Minggu, 26 Januari 2014

Egyptians mark anniversary

Egyptians assess anniversary of uprising with display of support for army-backed government



CAIRO — On the third celebration of the uprising that promised to free Egypt from autocratic direct, thousands of demonstrators rallied in the capital Saturday to display support for the military number who overthrew the country’s first democratically voted into office leader.

competitor groups of demonstrators across the homeland were contacted with dangerous force. Clashes between policeman and anti-coup protesters aligned with Mohamed Morsi — and in a few cases, with liberal anti-military protesters — left 29 dead and almost 170 injured, according to the wellbeing Ministry, a day after six persons were killed in a string of attacks on security goals in Cairo. Twenty-six of the killings were in greater Cairo, the ministry said.

Morsi’s supporters in the Anti-Coup Alliance, an Islamist coalition, said at nightfall that 40 people had been killed nationwide. The wellbeing Ministry issues only the tally of bodies obtained by government hospital morgues, while activist tolls are often drawn from area clinics and family members.

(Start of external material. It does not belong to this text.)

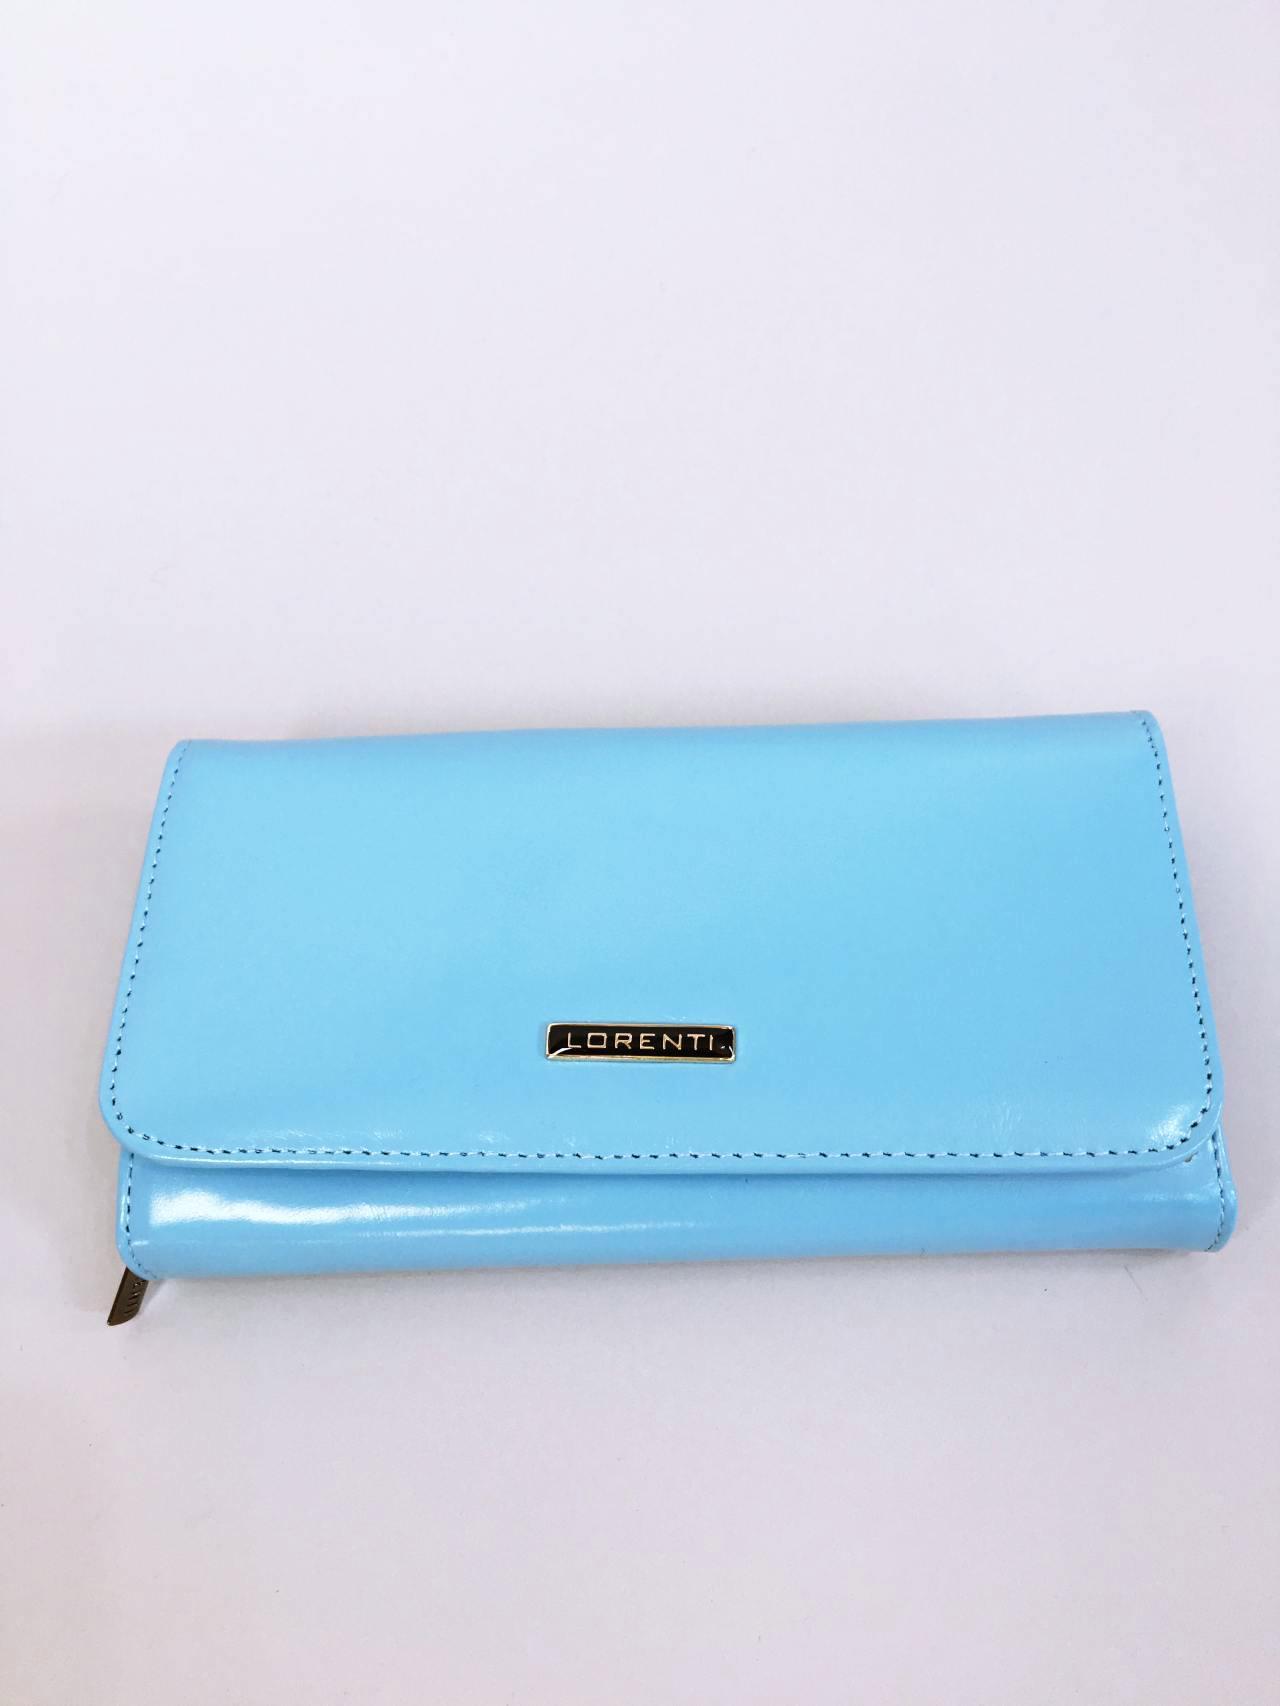 Kožená peněženka Lorenti světle modrá 01

previous in the day, supporters of Egypt’s infantry commander, Gen. Abdel Fatah al-Sissi, accumulated in a firmly protected Tahrir rectangle, the epicenter of the pro-democracy revolt that overthrew strongman Hosni Mubarak in 2011, to chant pro-military and nationalist slogans and advocate Sissi, the man who led the July coup that ousted Morsi, to run for president. The view mismatched harshly with the pluralistic air of the 2011 uprising, in which liberal youth activists, Islamists and others joined hands to call for Mubarak’s ouster and popular reforms.

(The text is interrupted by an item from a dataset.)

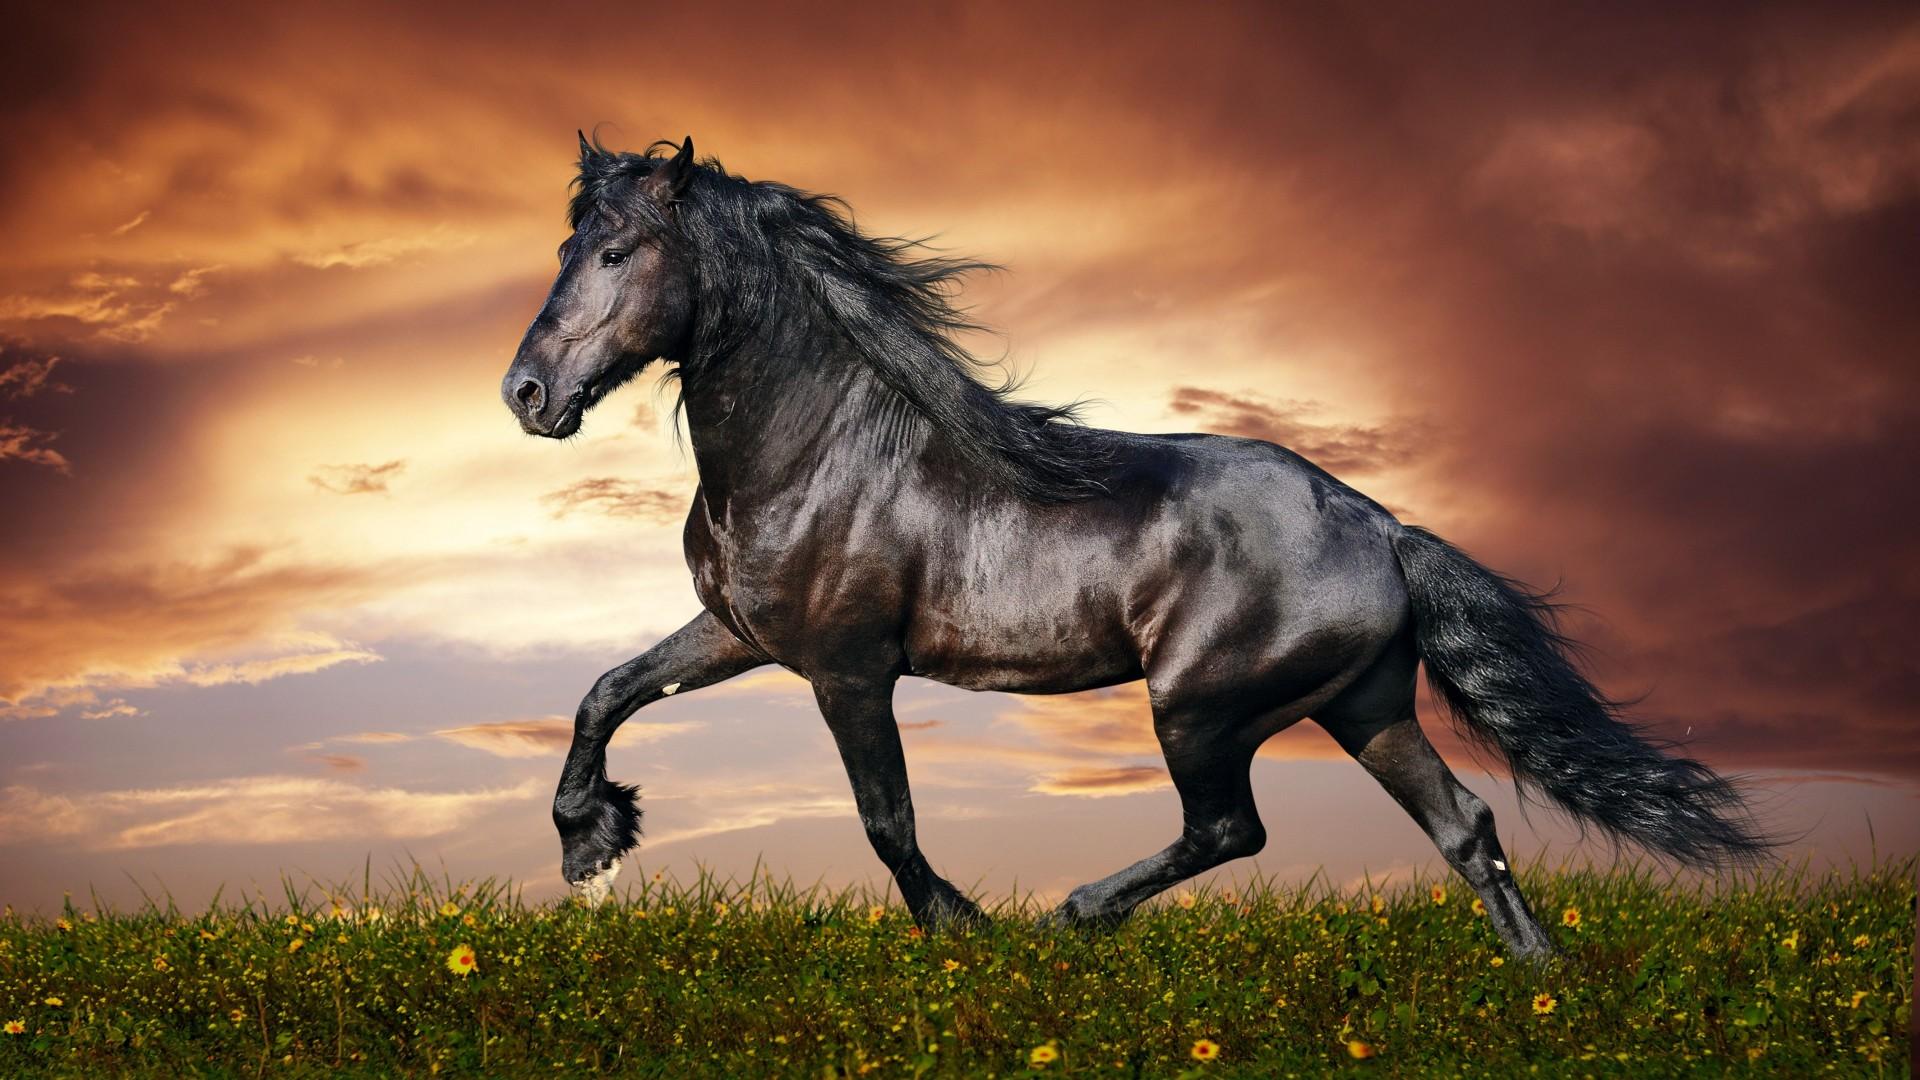 cool Black Horse Wallpaper

Gone were the tents and banners of the multitude of political parties and activist groups that have taken to the square over the past three years to converse about, contend for and voice their demands for Egypt’s political transition.

“There is no space for us,” said Marwan Yassin, a 23-year-old liberal activist from the seaboard city of Alexandria. Yassin took part in the rallies that commanded to Mubarak’s downfall, but he said that “the youth have no belief in the political process now.”

Nearly every banner in Tahrir Square on Saturday unexciting Sissi’s face. Even the somewhat few posters with the titles of political parties, such as the liberal al-Wafd, were paired with the general’s face. Patriotic melodies blared from a stage, and military helicopters enencircled overhead. State TV aired footage of pro-military Egyptians promenading in cities over the homeland.

“It’s not their right” to be here, Hani Mahfouz, a video theater manager, said of Morsi’s backers in the Muslim Brotherhood and the liberal and leftist assemblies that spearheaded the 2011 protests but were visibly missing from Tahrir Square on Saturday. “They are the political front for terrorism,” he said of the activists, numerous of who have been jailed under the new military-backed government after disputing constrained freedoms.

“This ‘military direct’ [phrase] that they use is offensive,” he supplemented, mentioning to activist chants. “Our infantry is the best in the world.”

The few sizable anti-coup demonstrations that materialized across the capital Saturday were contacted almost instantly with force. policeman discharged live ammunition at anti-government demonstrators on the outskirts of Tahrir rectangle and in other localities of the town.

In the capital’s Dokki neighborhood, policemanmanman in very dark ski masks and bulletproof vests discharged volleys of tear gas and bullets into an anti-coup march, as spectators barracked them on. Swarms of young men emerged to be aiding the police, dragging other juvenile men — evidently from the other edge — back to policemanmanman lines.

“I didn’t do anything,” screamed one young man as he was pulled away by other ones in civilian apparel. Bystanders there and in other components of the capital said there had been swaps of gunfire between policemanman and Brotherhood protesters.

An central Ministry authorized said at least 350 people were apprehended nationwide.

Also Saturday, militants launched three attacks on government security goals, including a car bombing directed at a central security force barracks in the town of Suez, in Egypt’s crucial canal zone.

The militant group Ansar Bayt al-Maqdis asserted responsibility for the downing of a infantry helicopter in the Sinai Peninsula on Saturday after noon. The statement issued to jihadist forums said the group’s fighters discharged a surface-to-air missile at the helicopter, in what would be the first known deployment of the shoulder-fired tools for fighting by extremists conducting an insurgency against security forces in the Sinai desert.

localized media furthermore described that a surface-to-air missile was utilised to bring down the aircraft, quoting security officials.

The fresh violence came a day after Ansar Bayt al-Maqdis asserted blame for Friday’s blasting device attacks in the heart of Cairo, including a mighty blast at the city’s police head office.